Allison Janney as Dr. Nancy Golan, Jake's psychiatrist and one of Mr. Barron's disguised forms
 Rupert Everett as John Lamont (credited as "Ornithologist"), an ornithologist and another of Mr. Barron's disguised forms
 Scott Handy as Mr. Gleeson, a cryokinetic Wight
 Helen Day as Miss Edwards, a half-simian Wight with a great agility, dexterity and mobility
 Jack Brady as Mr. Clark, a Wight
 Philip Philmar as Mr. Archer, a Wight
 Robert Milton Wallace as Mr. Malthus, a Hollow

Non-Peculiars
 Chris O'Dowd as Franklin "Frank" Portman, Jake's father and Abe's son
 Kim Dickens as Maryann Portman (credited as "Jake's Mom"), Jake's mother and an up-and-coming businesswoman
 O-Lan Jones as Shelly, Jake's drugstore supervisor and co-worker
 Jennifer Jarackas as Susie Portman, Frank's sister and Jake's aunt. She passes Jake her late father's gift which gives him the way to find Miss Peregrine's time loop.
 George Vricos as Bobby, Judy's husband and Jake's uncle
 Brooke Jaye Taylor as Judy, Bobby's wife and Jake's other aunt
 Ioan Hefin as Kev, the bartender on Cairnholm in the present day
 Nicholas Amer as Oggie, a blind and elderly present-day resident of Cairnholm
 Shaun Thomas and Justin Davies as Dylan and Worm, two present-day teenage Welsh residents whom Jake meets in Cairnholm

Director Tim Burton makes a cameo appearance in the film as a visitor at the fun fair in Blackpool who gets a skeleton thrown at him by a Hollow. Glen Mexted, who previously worked with Burton as an extra in both Dark Shadows and the music video for the Killers' "Here with Me", also appears in the same scene as a customer eating ice cream.

Production
The film rights to the 2011 novel Miss Peregrine's Home for Peculiar Children by Ransom Riggs were sold to 20th Century Fox in May of that year. In November, Deadline Hollywood reported that Tim Burton was in talks to direct and would also be involved in selecting a writer. On December 2, Jane Goldman was reportedly hired to adapt the story as a screenplay for the film.

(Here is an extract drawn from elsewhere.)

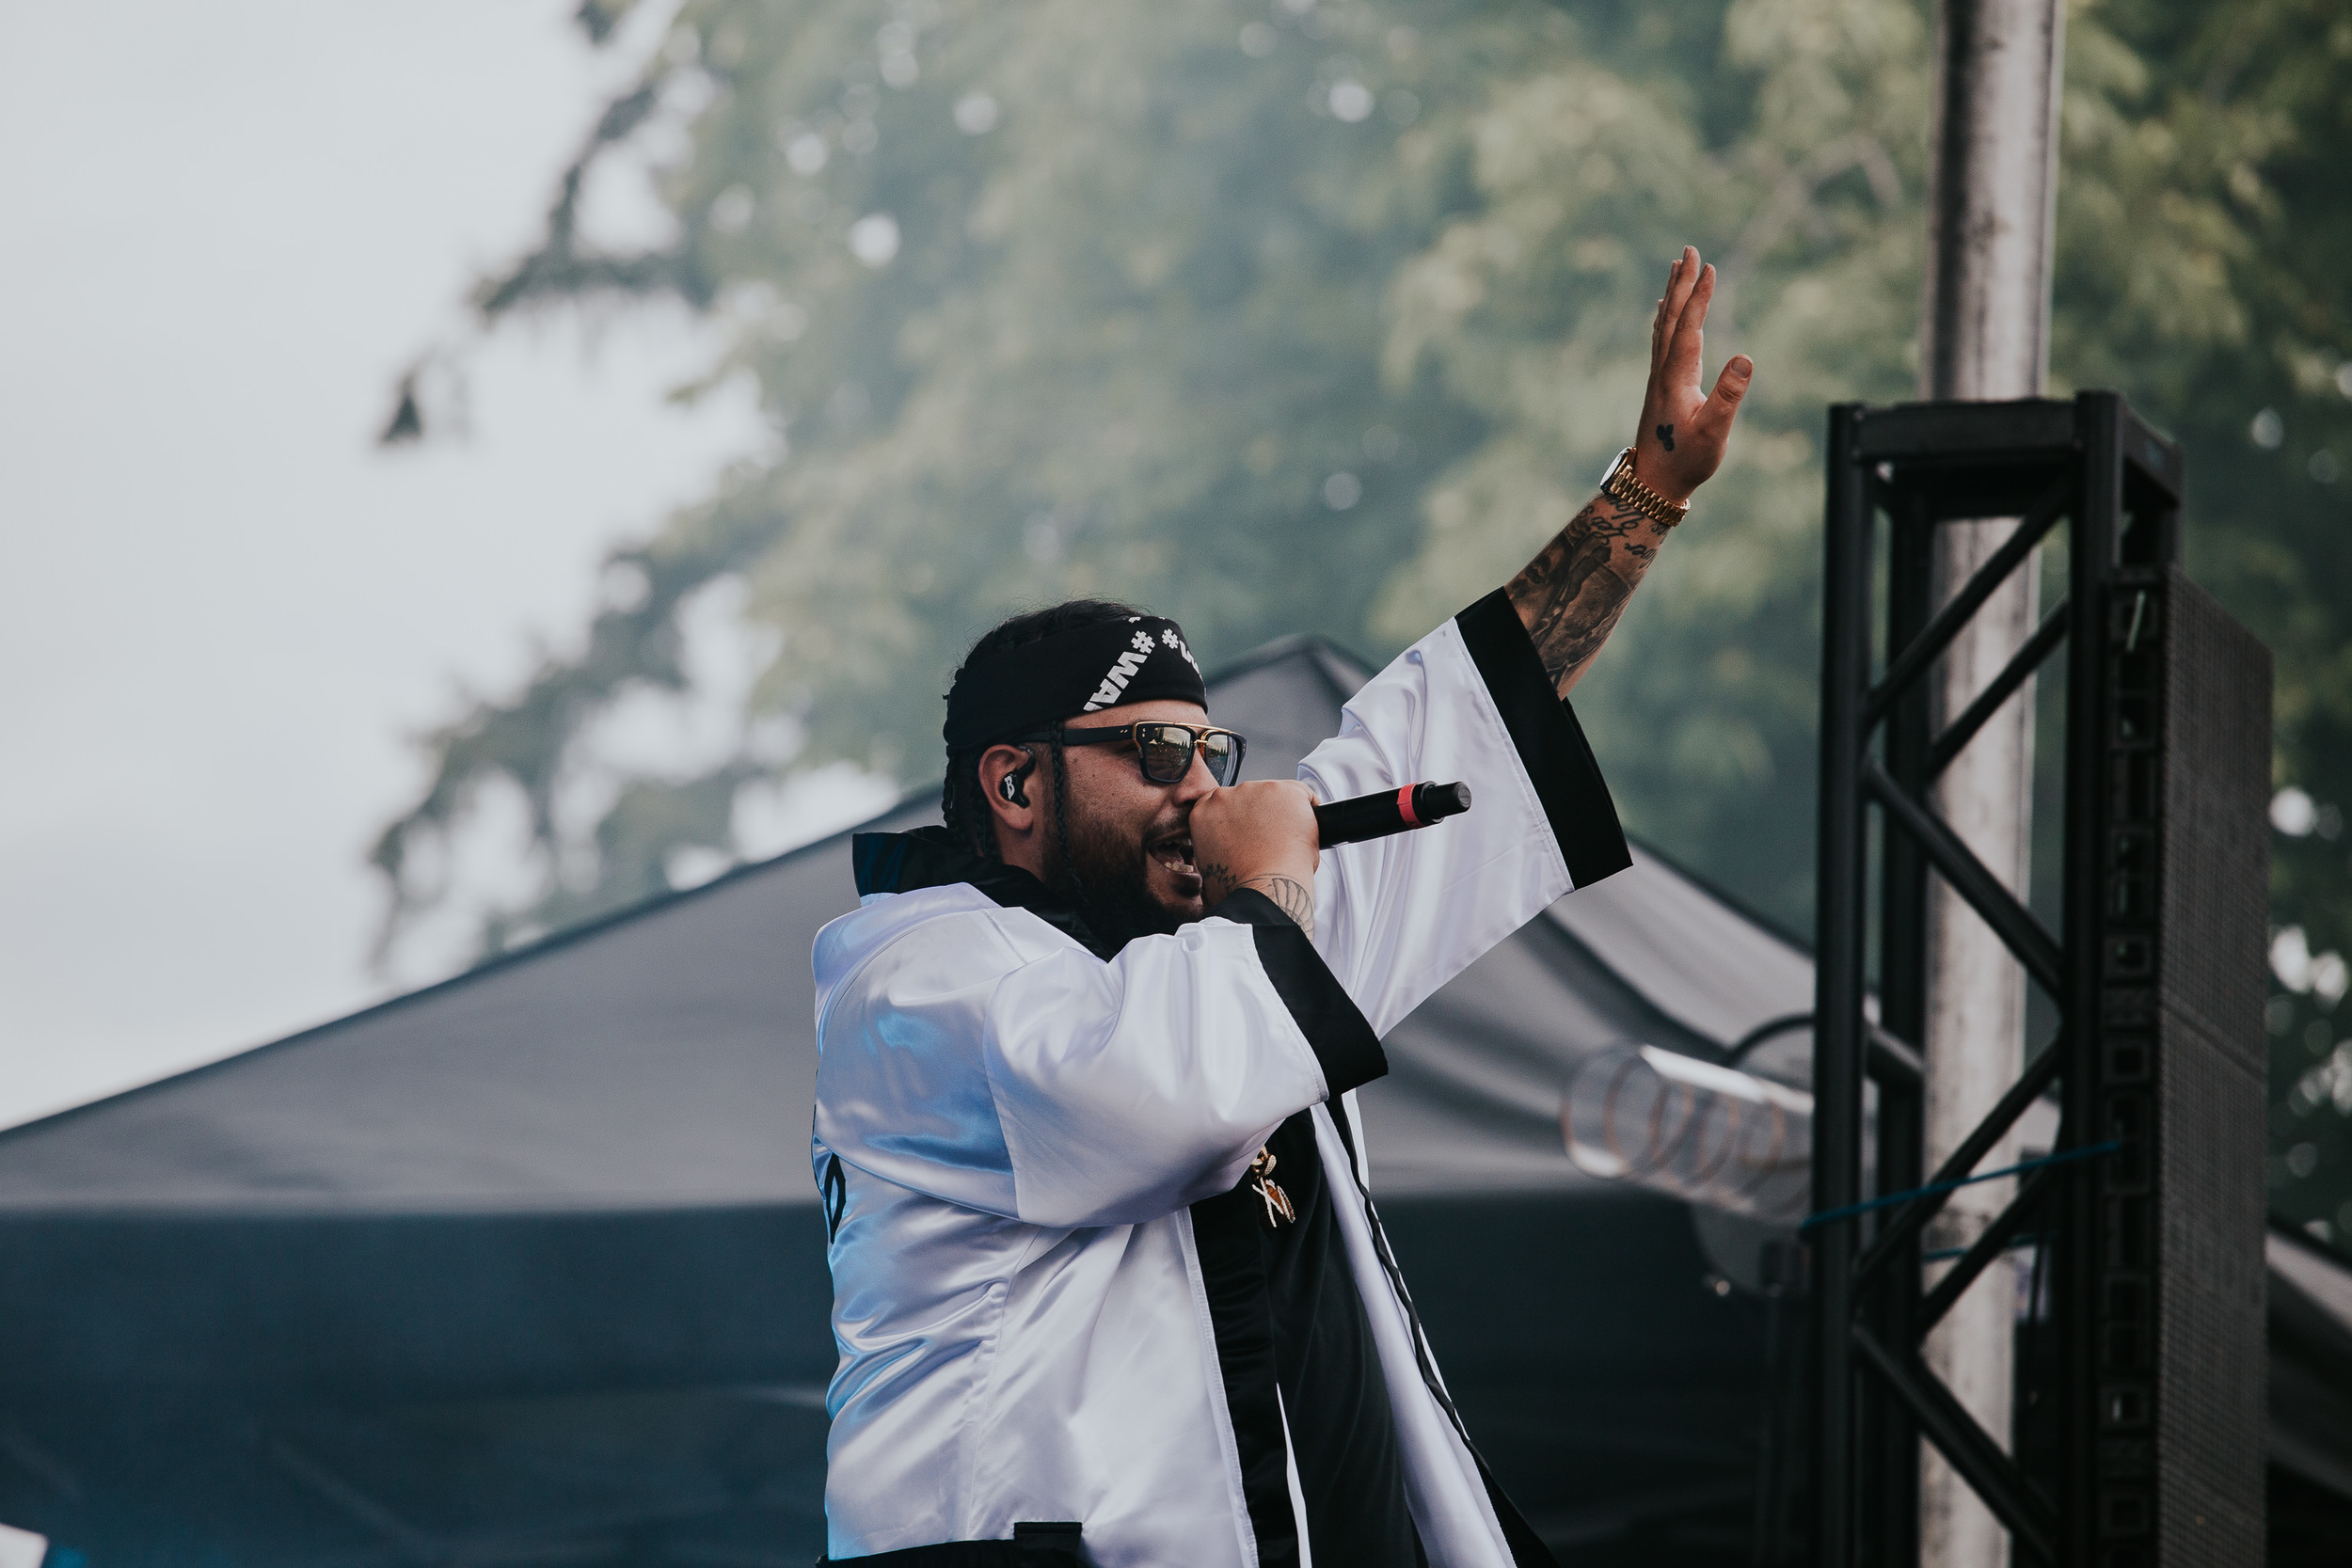 7_Belly_Waka_Flocka_Flame_Holland_Park_FVDED_Timothy_Nguyen_20160702 (13 of 13).jpg

On July 28, 2014, Eva Green was set to play Miss Peregrine in the film; Mischa Barton, Lucy Hale and Alison Sudol were also considered. On September 24, 2014, it was announced that Asa Butterfield was being eyed for the second lead role as Burton's choice, but that at that time he had not yet been offered the role. On November 5, 2014, Ella Purnell was offered a role and was in final talks to join the film; it was also reported that Butterfield had been offered the male lead role, and was the favored choice. On February 6, 2015, Samuel L. Jackson was added to the cast to play Mr. Barron, while Butterfield was confirmed for the second lead role. Terence Stamp, Chris O'Dowd, Rupert Everett, Kim Dickens, and Judi Dench were announced as being in the cast on March 12, 2015.

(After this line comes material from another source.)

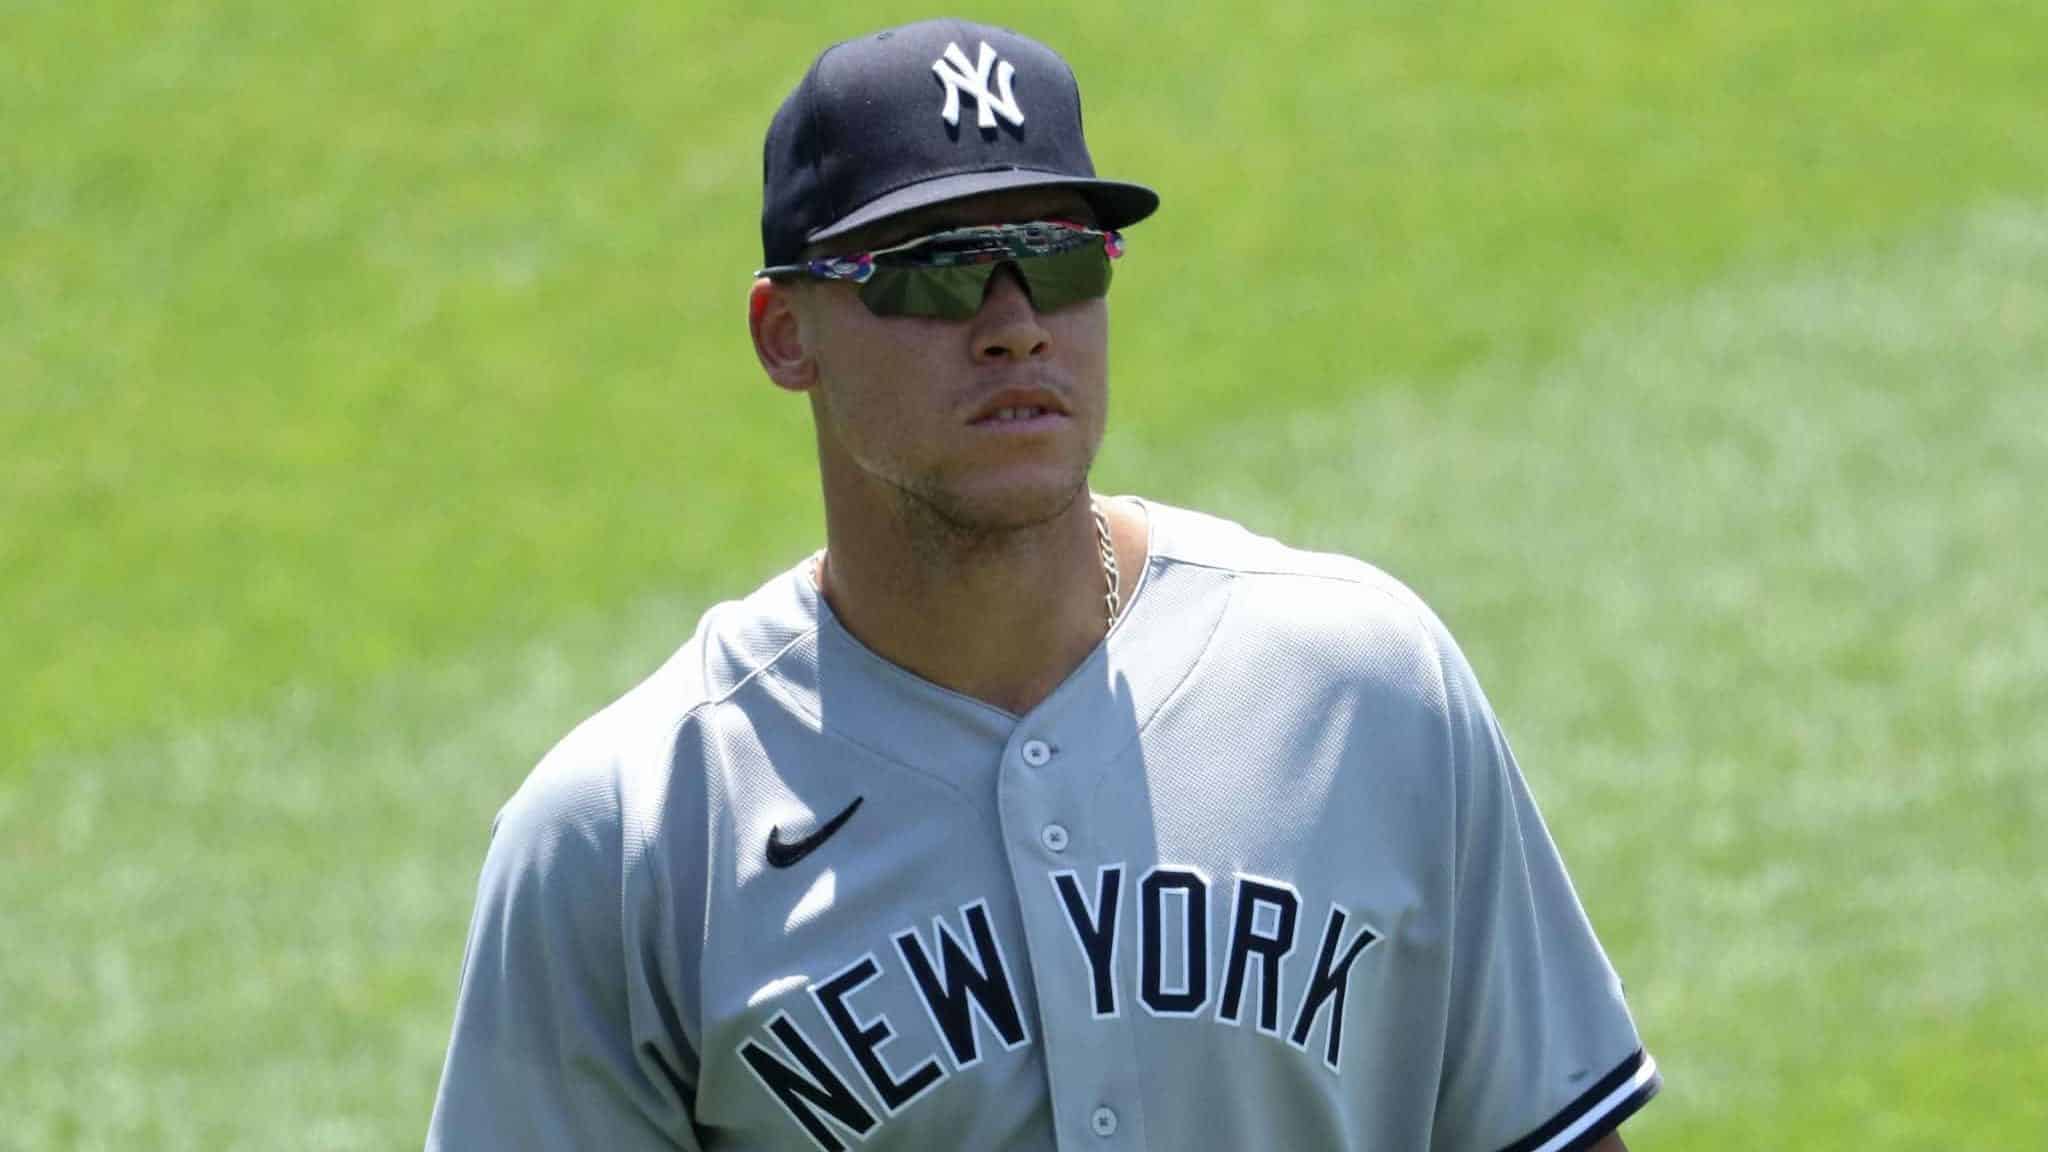 WASHINGTON, DC - JULY 26: Aaron Judge #99 of the New York Yankees looks on against the Washington Nationals during the fourth inning at Nationals Park on July 26, 2020 in Washington, DC.

Filming was initially set to begin in August 2014 in London. Principal photography on the film began on February 24, 2015 in the Tampa Bay Area. Filming lasted for two weeks in Hillsborough and Pinellas counties in Florida. It is the second Tim Burton film to be shot in the Tampa Bay area, the first being Edward Scissorhands, in 1989. Production of the film later moved to Caerhays Castle and Minions in Cornwall, and Blackpool in the United Kingdom, and Brasschaat, a municipality close to Antwerp, Belgium. Filming also took place at Pinewood Studios.

Music
The film's score was composed by Mike Higham and Matthew Margeson. The soundtrack was released on October 11, 2016 by La-La Land Records and Fox Music. Florence and the Machine recorded the film's end credits song, "Wish That You Were Here".

Release
Miss Peregrine's Home for Peculiar Children was originally set for a release date of July 31, 2015. The release date moved to March 4, 2016, then again to December 25, 2016, before finally moving to September 30, 2016.

Reception

Box office
Miss Peregrine's Home for Peculiar Children grossed $87.2 million in the United States and Canada and $207.9 million in other territories for a worldwide total of $295.1 million, against a production budget of $110 million.

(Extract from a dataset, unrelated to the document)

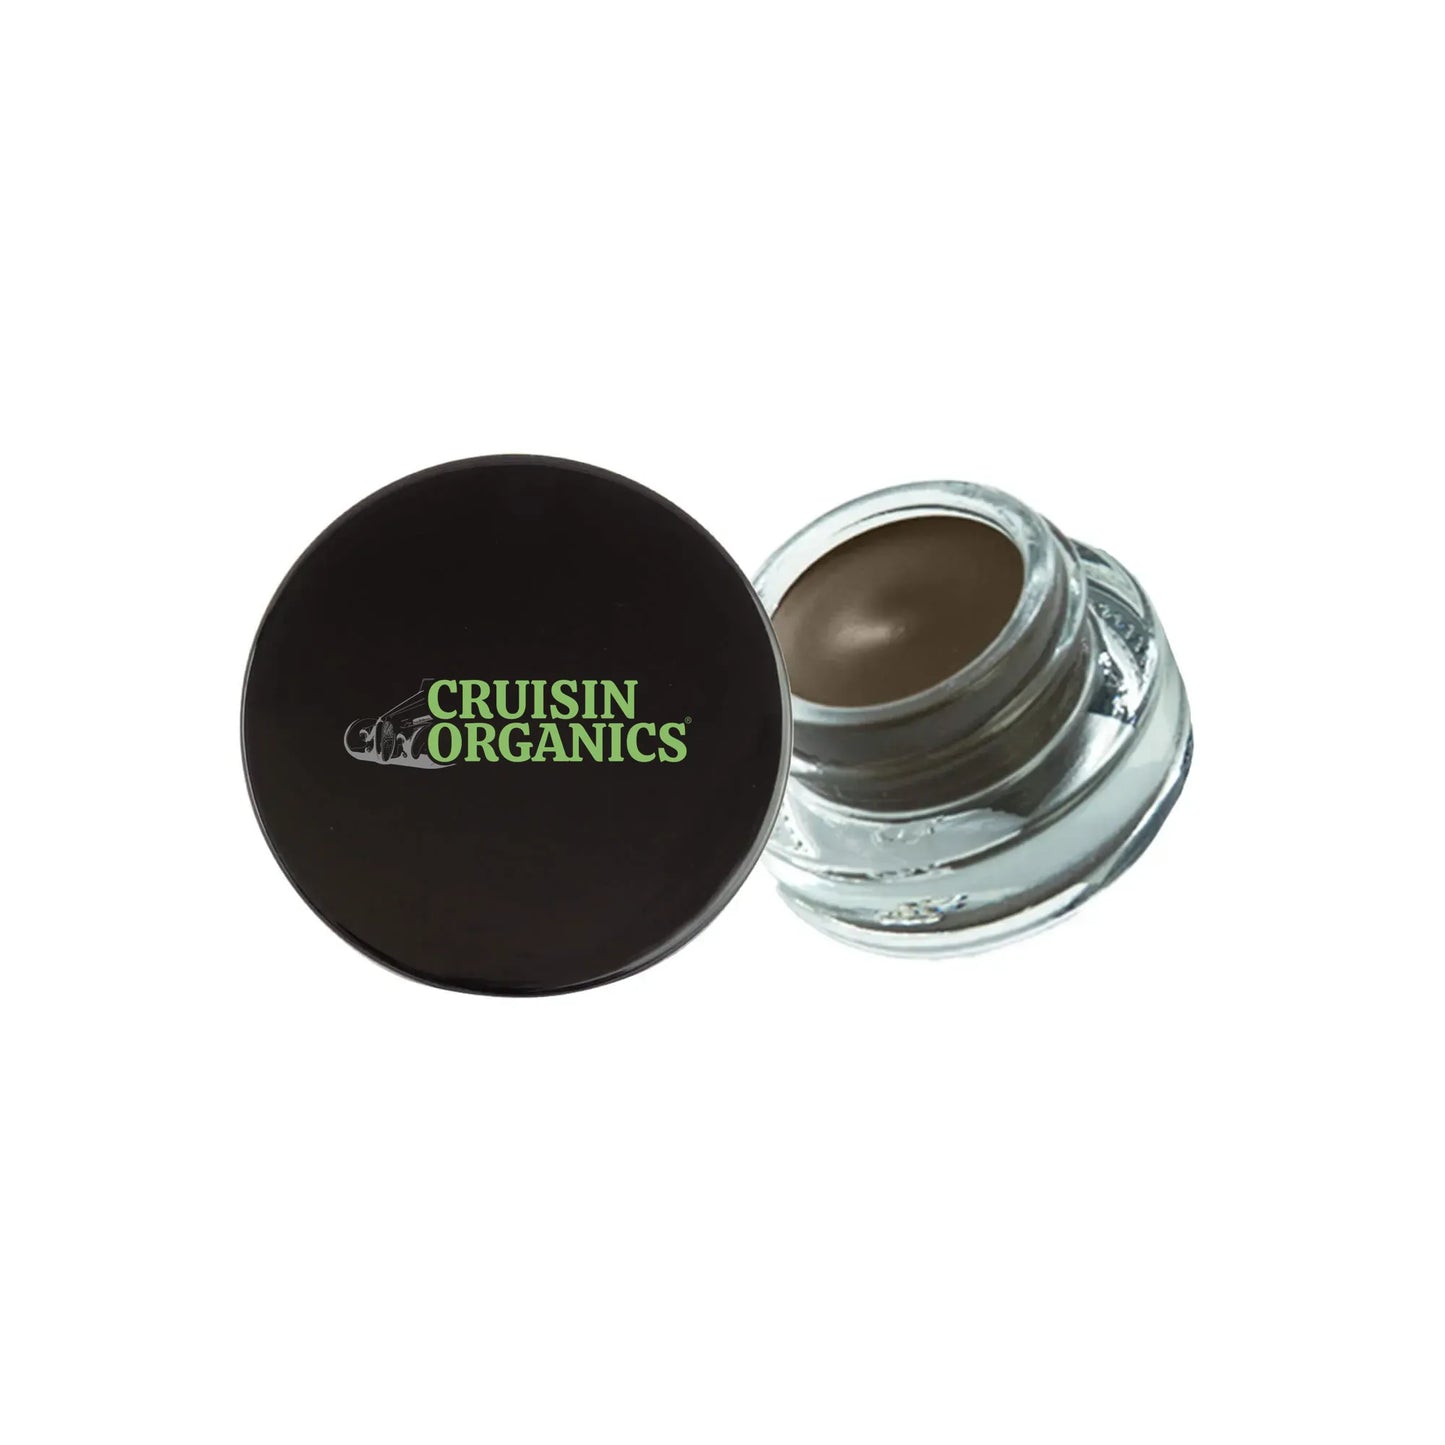 Enhance your brow game with Choco-Latte Brow Pomade from Cruisin Organics. This vegan and cruelty-free formula fills sparse brows and tames and shapes thicker ones. Achieve flawlessly defined brows without parabens or added fragrance.

In the United States and Canada, the film opened alongside Deepwater Horizon and Masterminds as well as the wide expansion of Queen of Katwe, and was projected to gross around $25 million from 3,522 theaters in its opening weekend. In total, the film earned $28.9 million during its opening weekend, finishing first at the box office. The opening was on par with Dark Shadows''' $29.7 million in 2012, Burton's last big budgeted film. Variety called it "a mediocre start" given the film's $110 million budget.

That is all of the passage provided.